Jay's $6 for bottled water comment makes sense within the context that he hails from New York City, where you can be in a studio apartment and pay $3000 a month for rent, depending on which borough you live in. Go anywhere in Manhattan, and you can end up paying $6 for water easy.
That being said, the false equivalence surprises me, and the contempt surprises me even more. The whole argument that people are willing to pay a lot for one thing, so they are also willing to pay a lot for another thing, falls flat on its face, considering water is essentially a priceless resource. Meaning everything in that bottle of water except the bottle itself, is of high value. Music, however, is a commodity, no matter how much money the music actually costs to be made. The water comparison would've made more sense if he said it back in the 90's, where people were buying 10+ song albums off the hype of 2 singles, like buying a full meal when you only wanted the appetizers.

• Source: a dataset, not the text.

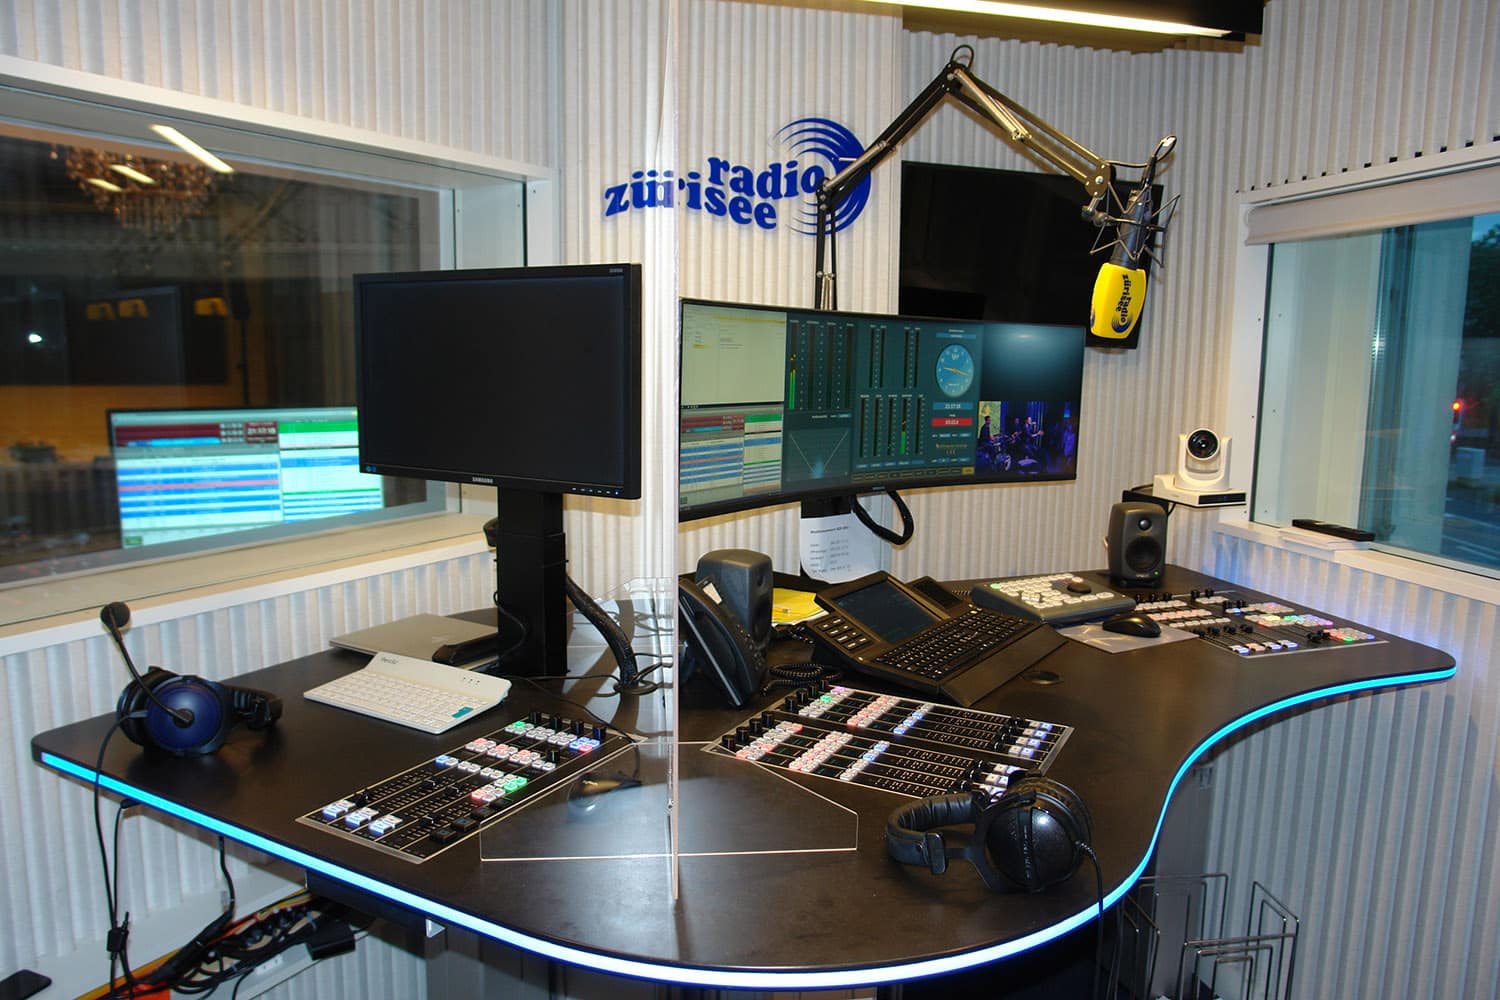 DJs drop into one of two Radio Zürisee studios from time to time to produce content on LXE console surfaces

And the cheek of the idea that people who stream music would be simple-minded enough to equate water with music, and would pay anything to have it because "MUSIC", is an insult to their fans. As Royalan essentially explained, time is money, so time ain't free. Those streamers who aren't paying with subscriptions are paying with the time spent listening to unskippable ads in between their favorite songs. So, equating those people to essentially petty thieves who are too dumb to realize that music and water don't even come close to the same value comes as a slap in the face.